Big Data - Hadoop: November 2015

Like in other programming languages i.e., C, C++, JAVA,etc., we learn a basic program called "Hello World", on the same ground, in Hadoop, there is a basic program named "Word Count", which uses both Map and Reduce concept.

Important Note: In Hadoop context, whenever we execute the

hadoop jar <JAR File name> <DriverClassNameWithoutExtension> <HDFS Input Path> <Hadoop Output Path>

we have to make sure that HDFS output path should not exist beforehand.
To avoid this situation, the same thing is handled as a part of Driver code, where, if the output folder is already present in HDFS, it will be deleted first and then the processing will start.

The program is explained in detailed manner as below:

Requirement:
Inputfile.txt contains following data

Inputfile.txt
------------------------------------------------------------------------------------------------
Hadoop is a big data analytics tool.
Hadoop has different components like MapReduce, Pig, hive, hbase, sqoop etc.
MapReduce is used for processing the data using Java.
-------------------------------------------------------------------------------------------------

We have to count the number of occurrences of each word in the file.
If there is same word, but change is in case(uppercase/lowercase) format, then it will consider as different words.
E.g., Hadoop and hadoop are considered as different words are per the logic implemented.

So the Output should be as below:

Hadoop	2
is	4
a	1
big	1
data	2
analytics	1
tool.	1
has	1
different	1
components	1
like	1
MapReduce,	1
Pig,	1
hive,	1
hbase,	1
sqoop	1
etc.	1
MapReduce	1
for	3
processing	1
the data	1
using	1
Java.	1

Logic being used in Map-Reduce

There may be different ways to count the number of occurrences for the words in the text file, but Map reduce uses the below logic specifically.

Input
Hadoop is a big data analytics tool.
Hadoop has different components like MapReduce, Pig, hive, hbase, sqoop etc.
MapReduce is used for processing the data using Java.

Input to Mapper
1010L Hadoop is a big data analytics tool.
1012L Hadoop has different components like MapReduce, Pig, hive, hbase, sqoop etc.
1013L MapReduce is used for processing the data using Java.

After the Mapper phase
Fetch the each word and assign the 1. It indicates that Mapper found each word once.

Hadoop	1
is	1
a	1
big	1
data	1
analytics	1
tool.	1
Hadoop	1
has	1
different	1
components	1
like	1
MapReduce,	1
Pig,	1
hive,	1
hbase,	1
sqoop	1
etc.	1
MapReduce	1
is	1
used	1
for	1
processing	1
the	1
data	1
using	1
Java.	1

After Reducer Phase

Gets the similar word from Mapper output and sum it up.

Hadoop	2
is	2
a	1
big	1
data	2
analytics	1
tool.	1
has	1
different	1
components	1
like	1
MapReduce,	1
Pig,	1
hive,	1
hbase,	1
sqoop	1
etc.	1
MapReduce	1
for	1
processing	1
the data	1
using	1
Java.	1

which is the final output, having count of each word in the input file.

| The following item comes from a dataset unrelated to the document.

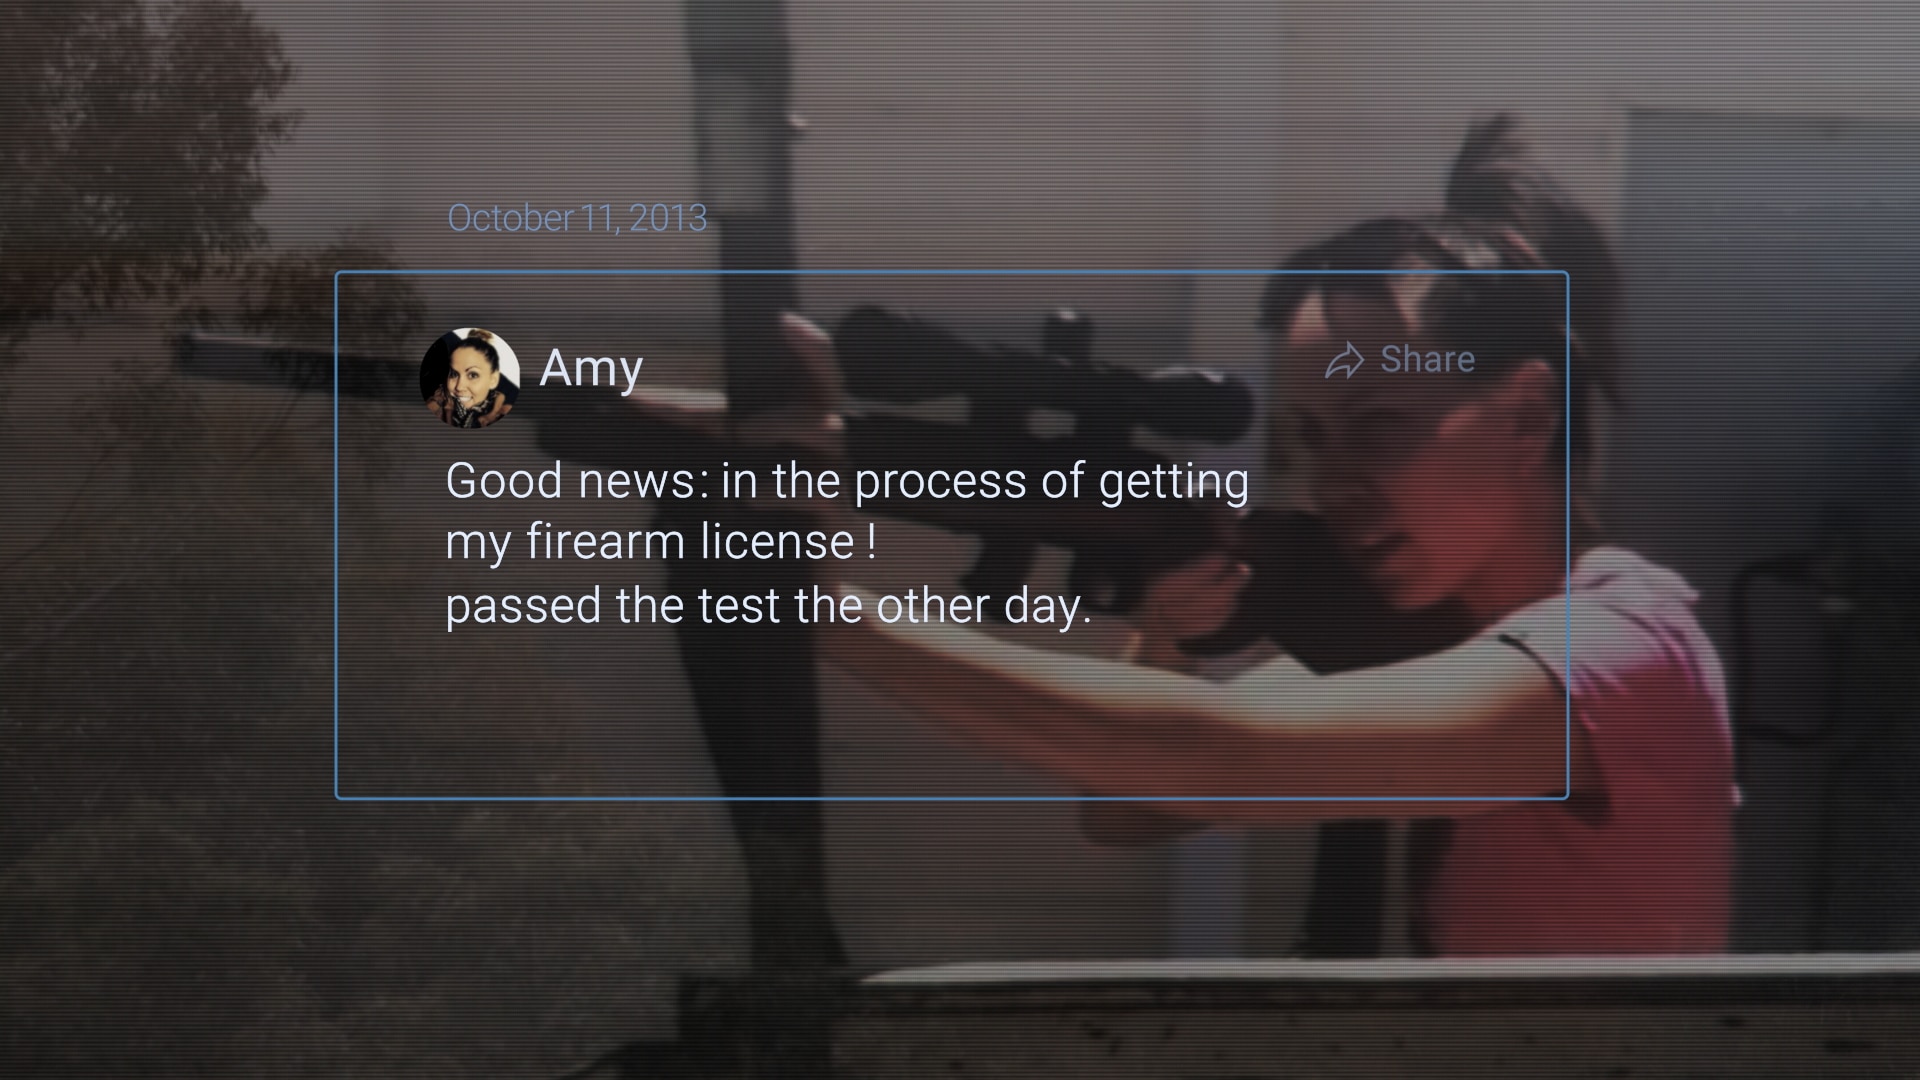 Text messagte recreated over an image of a woman in a pink top holding a shotgun

The program has each and every details, so that even a newbie in Java can write the Wordcount program

Note: I am using Java 1.6 and eclipse Helios, for this development.
For Hadoop, Java 1.6 is minimum requirement. We can use any flavor of eclipse for Hadoop development.

Open Eclipse, for creating the Java project.
Go to File->New->Java Project
Enter the name in Project Name. I used WordCountDemoApp as name to my Word count Java project.
Click Finish,
Go to Project Explorer. You will notice that WordCountDemoApp is created as the project, with subfolders namely src and JRE System Library [jre6]
Right click on src folder and select New->Class.
Enter the Package Name as MapReduceWordCount(optional), Name of the Main class as WordCount (mandatory) and tick the checkbox for "public static void main(String[] args)"

Copy the below code in the eclipse.

Detailed comments has been added in the code for each line.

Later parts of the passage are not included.